Sensory, Inc.Data Engineer
Apr. 2022 - Oct. 2023Took ownership of development, maintenance, and operation of the various pieces of the automated data pipeline.
Upgraded and deployed a Python-Flask app from Python 2.5 to Python 3.10 compatibility, moving from the host server to a Docker implementation on a Kubernetes cluster with the assistance of the lead system administrators. Increased customizability, reliability, and usability of the web application by designing a bespoke system for loading collection requirements using OOP in a redesigned front-end. Updated the web application’s back-end to comply with modern security standards, current versions of JavaScript, audio worklet nodes, and AWS S3. Improved the web-scraper’s query-generation functionality to allow for scraping of audio data and transcriptions in languages previously unavailable, as well as a 100-500% increase in high-quality data for other languages.

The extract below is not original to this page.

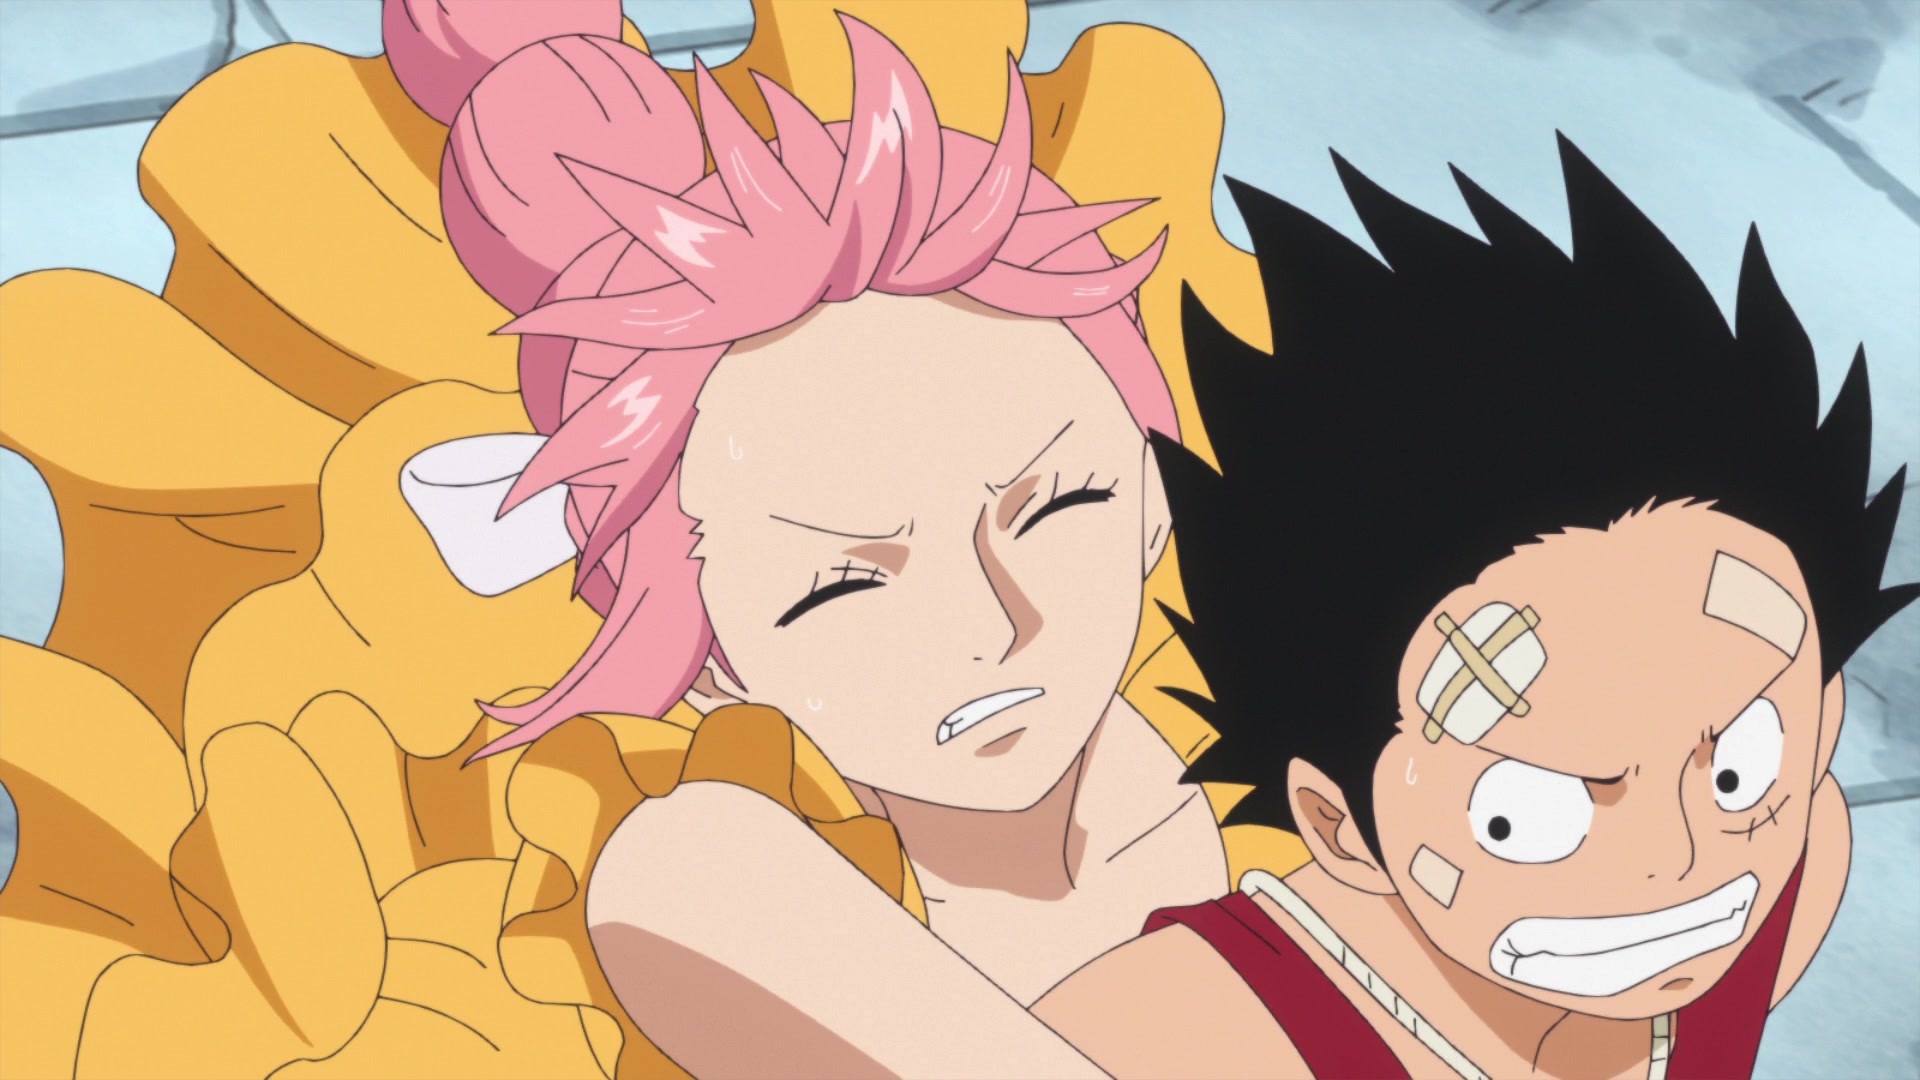 One Piece Dressrosa 700 746 Episode 742 The Bond Between Father And Daughter Kyros And Rebecca Watch On Crunchyroll

Expanded the web-scraper’s daily volume volume capabilities by 400% through implementation of AWS EC2 and S3, adding the option for scalability when required. Ensured continual uptime of the automated data vetting tool and performed verification of results.
Designed and developed solutions for cataloging data in a Postgres database, including architectures, custom functions, Python scripts for extracting data for specific needs, and tools to allow for the import of large quantities of data. Notified stakeholders of delivery quantities, important considerations, and licensing when pertinent. Ensured data was delivered to the proper location for internal use, with updated metadata, through the development of automation processes to alleviate manual intervention requirements. In addition to these responsibilities, various projects required converting old data to meet new standards, and working closely with management allowed me to involve myself in projects beyond the data domain, including development of demos, integration of our cloud technologies, and more at the request of leadership.